Timothy Denis Brinton (24 December 1929 – 22 March 2009) was a British broadcaster and Conservative Party politician. The son of a neurologist, he was educated at Summer Fields School in Summertown, Oxford, followed by Eton College and the University of Geneva.

==Early life==
Timothy Denis Brinton was born on 24 December 1929, the son of Dr Denis Brinton, a neurologist. He was educated at Summer Fields School in Summertown, Oxford, followed by Eton College and the University of Geneva. After national service with the Scots Guards, he studied acting and production at the Central School of Speech and Drama.

==Career==
Brinton joined the BBC as an announcer and newsreader and moved in 1959 to ITN, where he was a newscaster until 1962. He was also a regular presenter of Roundabout on the BBC Light Programme between 1964 and 1967.
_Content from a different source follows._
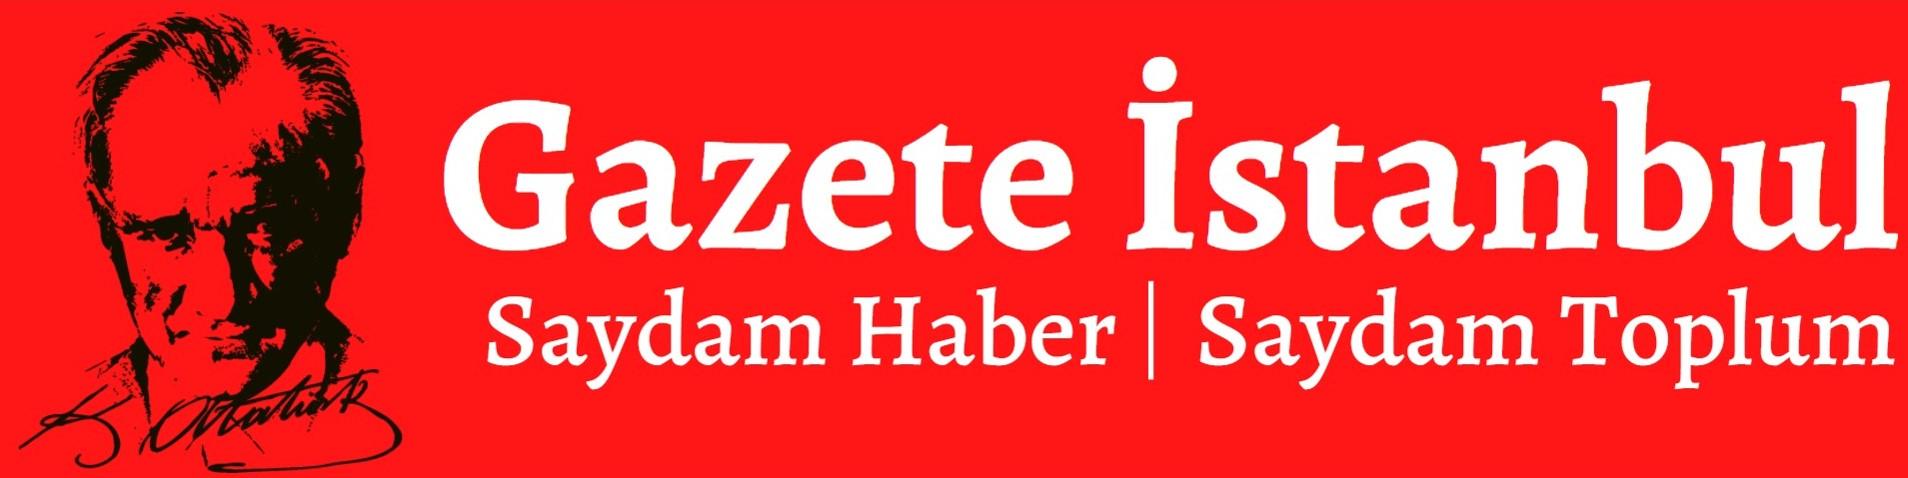 Gazete İstanbul Logo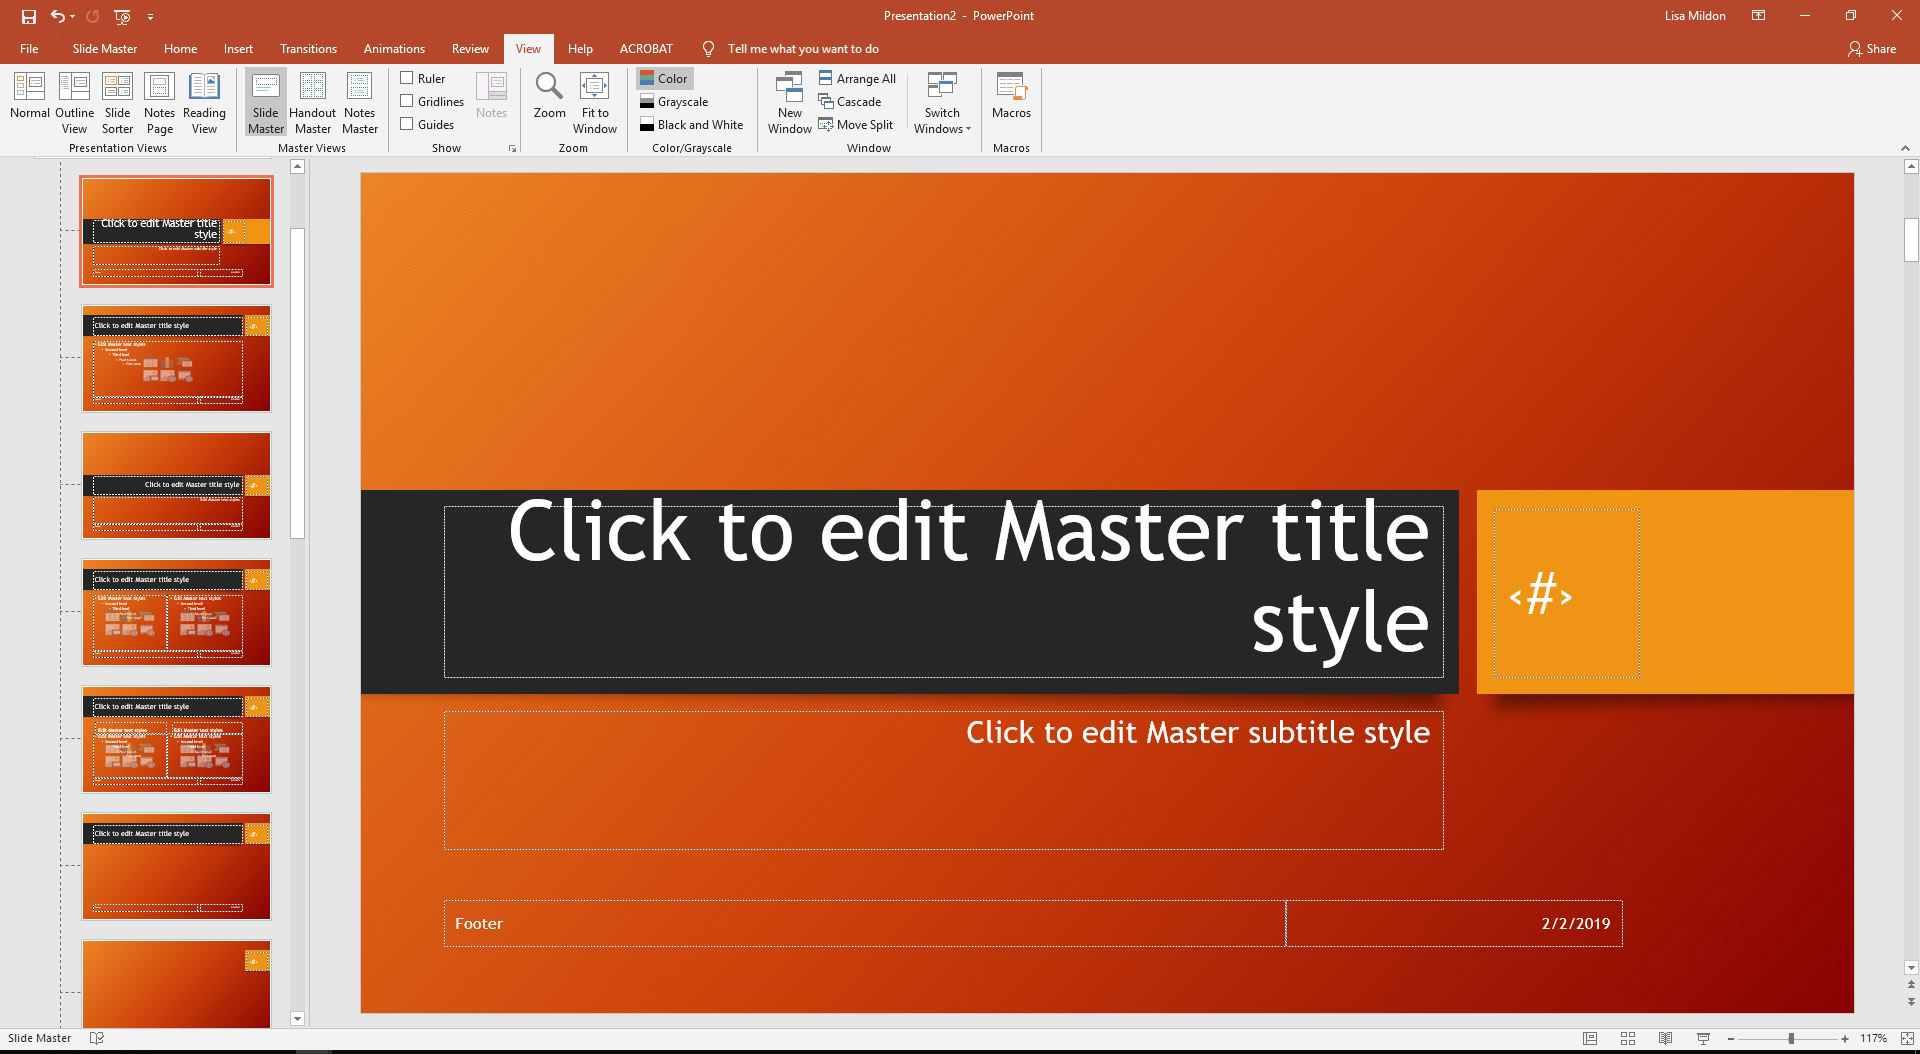 PowerPoint slideshow displaying Slide Master.

Brinton was a Kent County Councillor from 1974 to 1981 and Member of Parliament (MP) for the marginal seat of Gravesend from 1979 (gaining the seat from Labour) to 1983, and, following boundary changes, for the new Gravesham constituency from 1983 until he stood down in 1987. He was a member of the Education Select Committee from 1980 to 1983. In 2003, he became a member of the United Kingdom Independence Party (UKIP).

===Alternative 3===
Brinton was the presenter and narrator of the mockumentary Alternative 3, and lent it the gravitas it needed to be a successful hoax. The programme had been due to be broadcast on April Fools' Day, 1977, but industrial action meant that it was broadcast in June. Sometimes cited as a British parallel to Orson Welles's radio production of The War of the Worlds, Alternative 3 purported to be an investigation into Britain's contemporary "brain drain". Alternative 3 was supposedly a plan to relocate a cross section of Earth's scientific and philosophical population to Mars in the event of climate change or some other planetary catastrophe. When the DVD was released in October, 2007, it had a 30-minute featurette in the extras, featuring an interview with Brinton, as well as his fellow "conspirators", David Ambrose and Christopher Miles who also directed Alternative 3, alongside a production stills gallery and contemporary press cuttings.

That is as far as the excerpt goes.